1529. Minimum Suffix Flips

QUESTION:

You are given a 0-indexed binary string target of length n. You have another binary string s of length n that is initially set to all zeros. You want to make s equal to target.

In one operation, you can pick an index i where 0 <= i < n and flip all bits in the inclusive range [i, n - 1]. Flip means changing ‘0’ to ‘1’ and ‘1’ to ‘0’.
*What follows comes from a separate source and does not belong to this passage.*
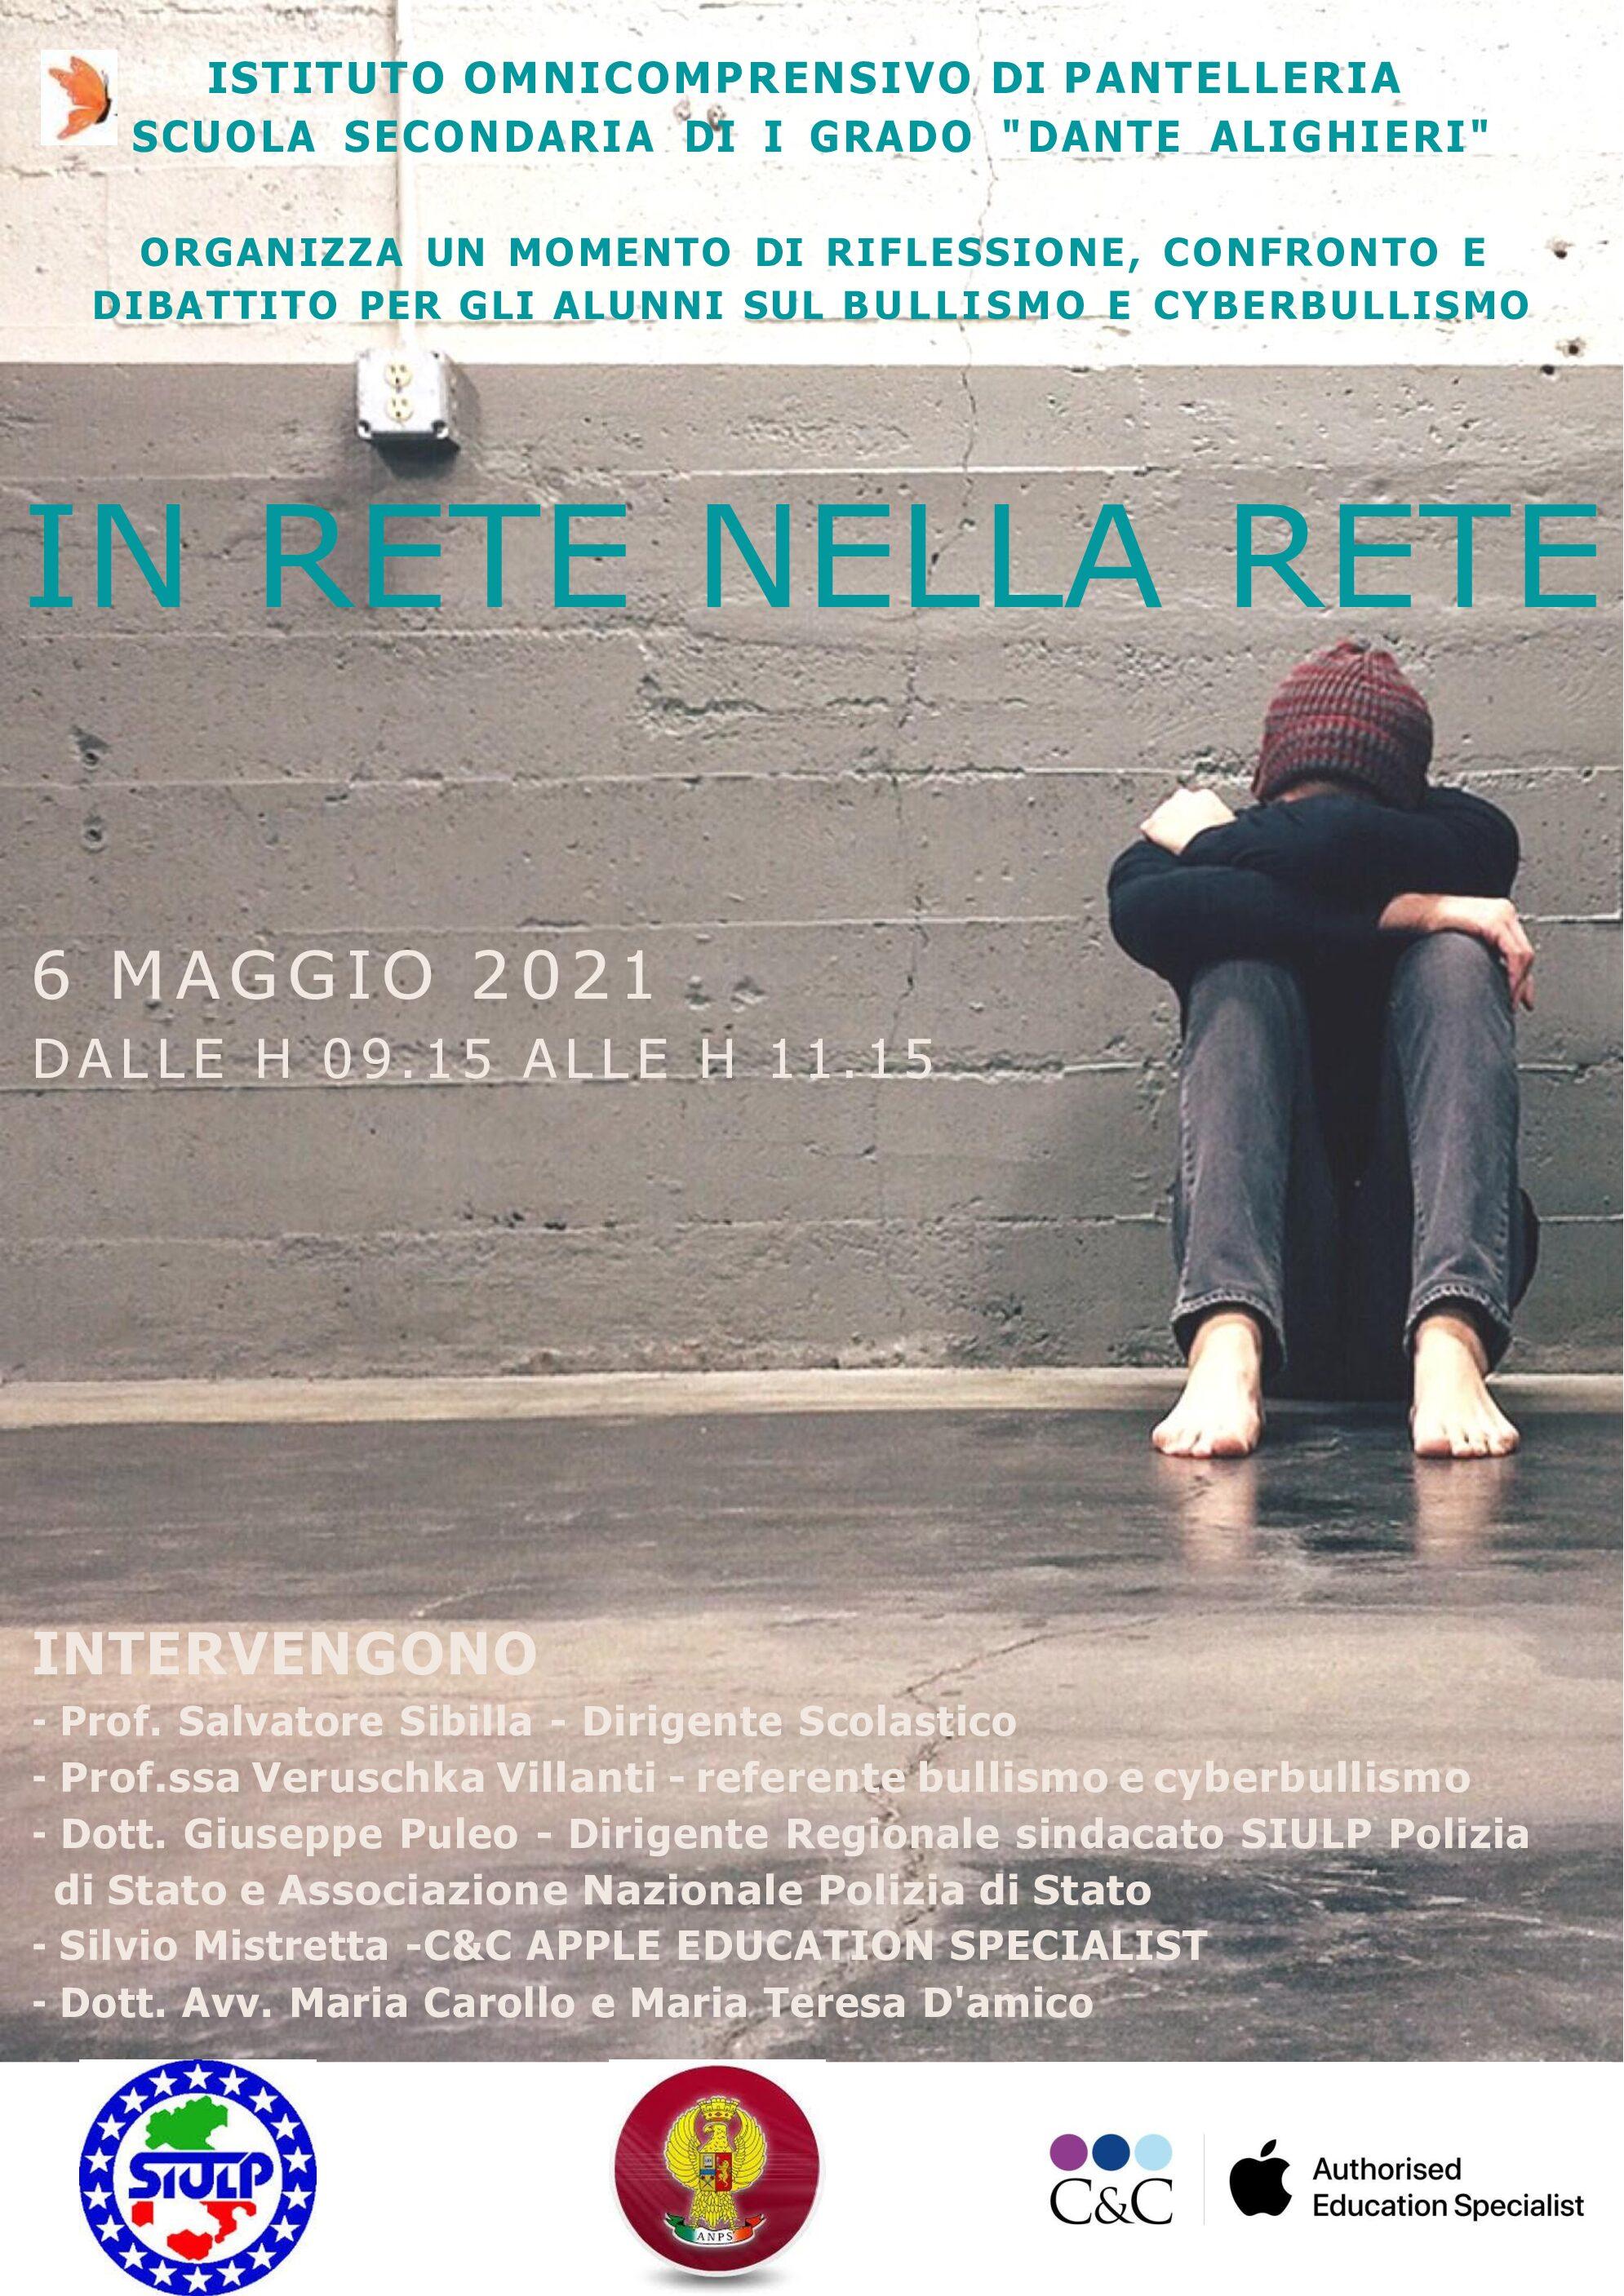 """Attività d'INFORMAZIONE/PREVENZIONE al Bullismo e Cyber-bullismo rivolte alle classi PRIME della Scuola Secondaria di I° grado """"D. Alighieri"""" di Pantelleria"""
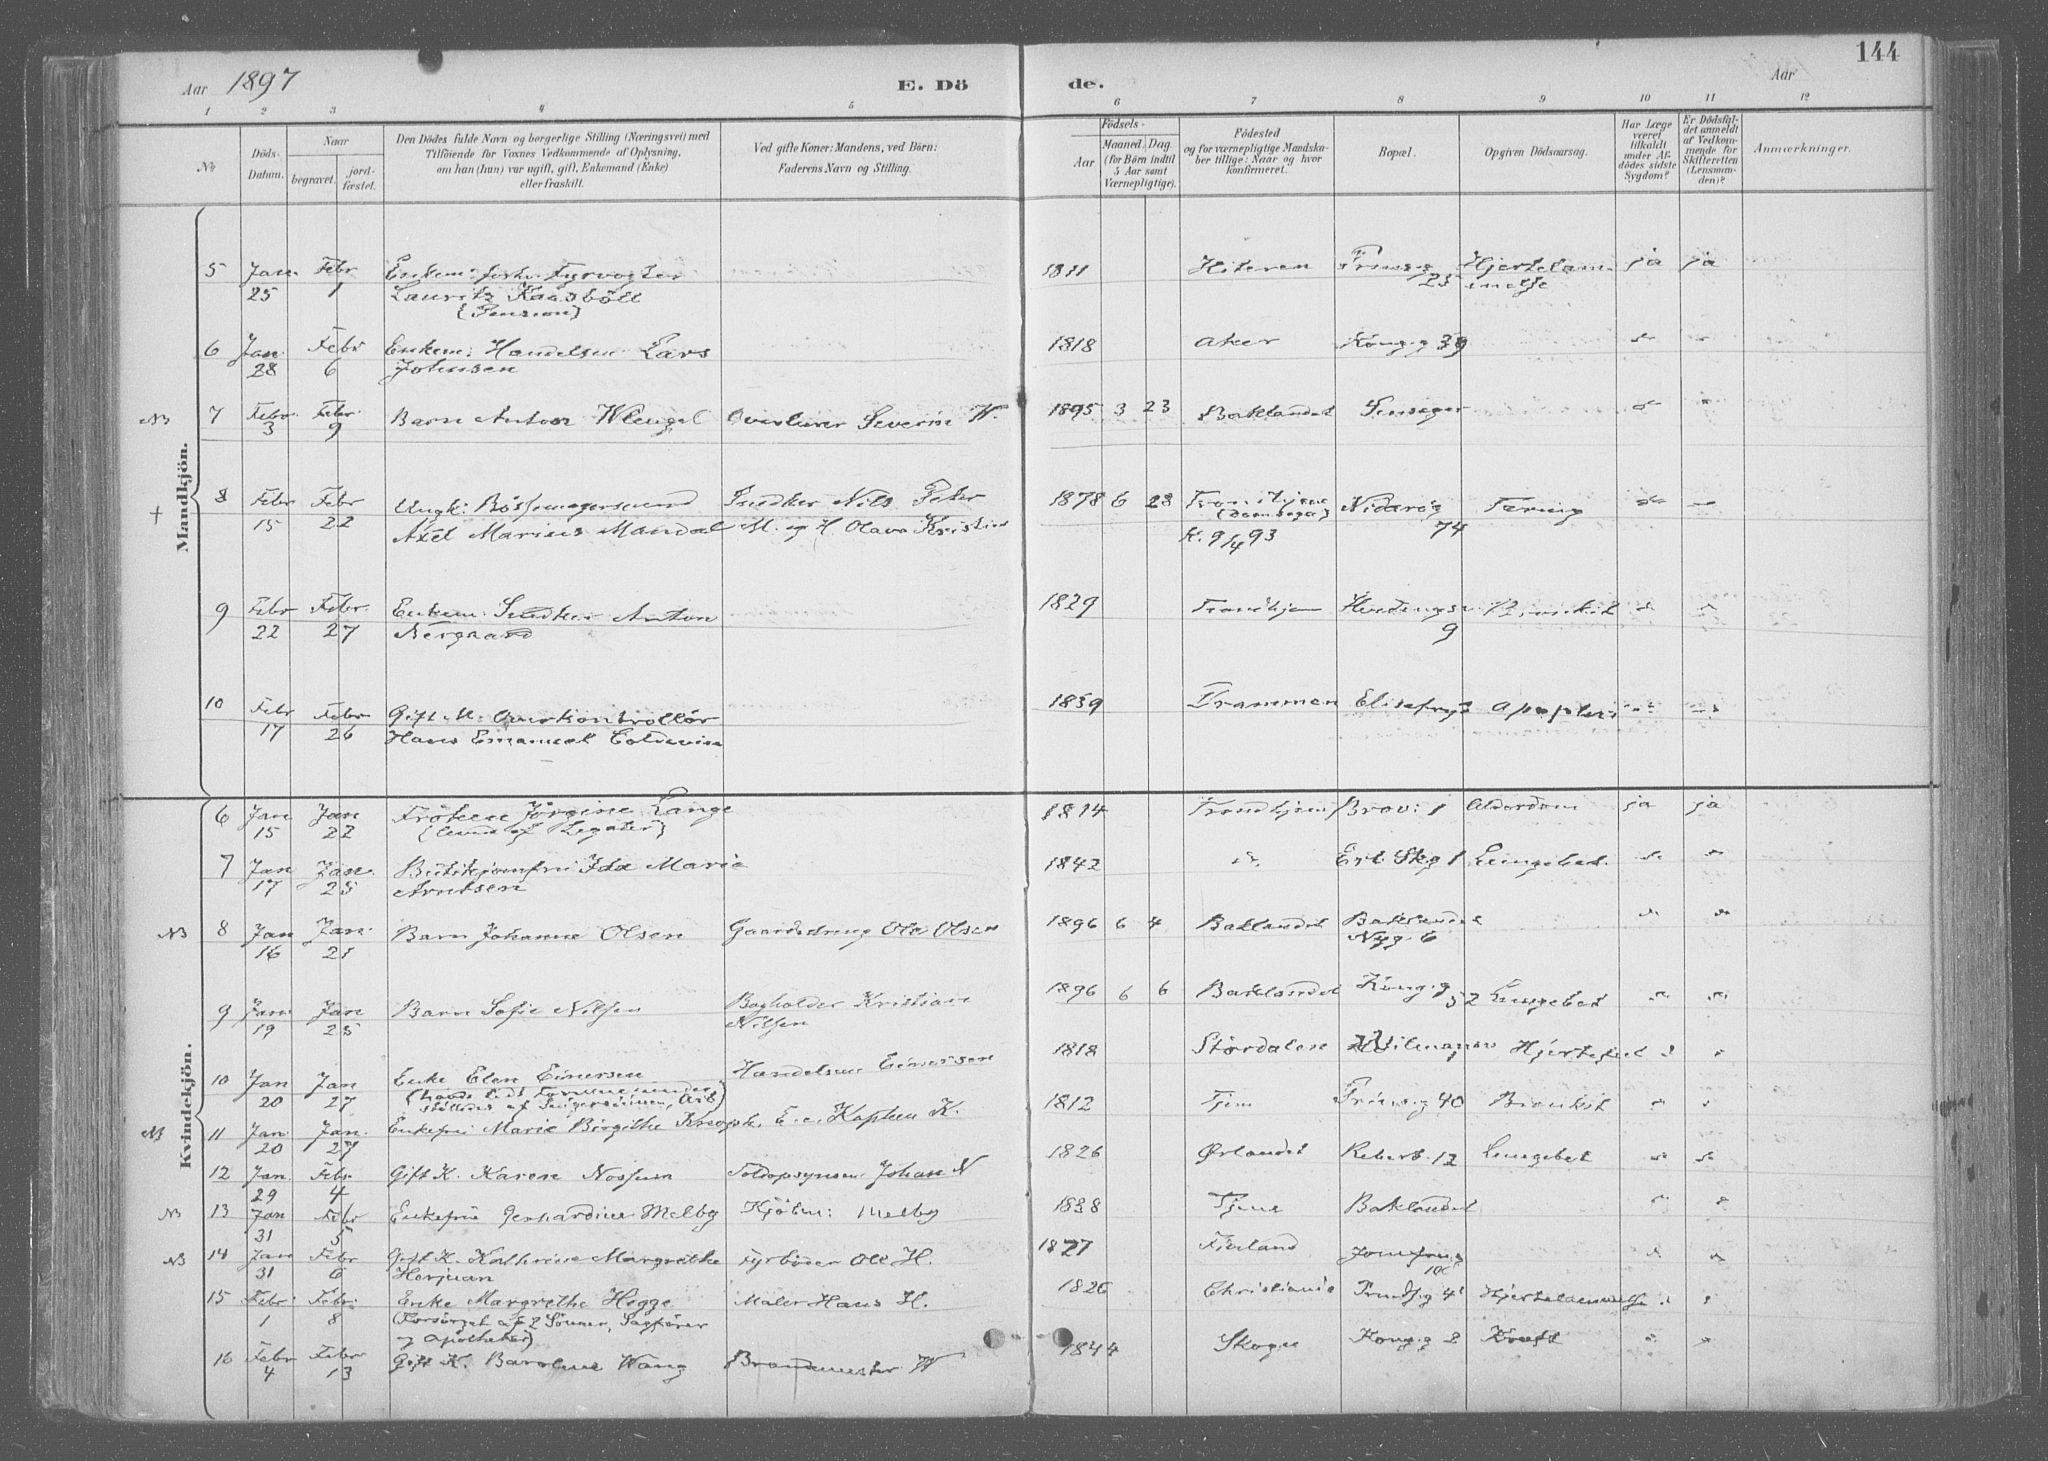 SAT, Ministerialprotokoller, klokkerbøker og fødselsregistre - Sør-Trøndelag, 601/L0064: Ministerialbok nr. 601A31, 1891-1911, s. 144

Return the minimum number of operations needed to make s equal to target.

Example 1:

Input: target = "10111"
Output: 3
Explanation: Initially, s = "00000".
Choose index i = 2: "00000" -> "00111"
Choose index i = 0: "00111" -> "11000"
Choose index i = 1: "11000" -> "10111"
We need at least 3 flip operations to form target.

Example 2:

Input: target = "101"
Output: 3
Explanation: Initially, s = "000".
Choose index i = 0: "000" -> "111"
Choose index i = 1: "111" -> "100"
Choose index i = 2: "100" -> "101"
We need at least 3 flip operations to form target.

Example 3:

Input: target = "00000"
Output: 0
Explanation: We do not need any operations since the initial s already equals target.

Constraints:

n == target.length
1 <= n <= 105
target[i] is either '0' or '1'.

EXPLANATION:

因为每次都是统一变换, 那么就可以直接一个for循环, 用一个tmp来表示当前剩余的字符现状, 如果不相等就切换, 否则就继续向前即可.

SOLUTION:

class Solution {
    func minFlips(_ target: String) -> Int {
        var result = 0
        var ch:Character = "0"
        for ta in target {
            if ta != ch {
                ch = ta
                result += 1
            }
        }
        return result
    }
}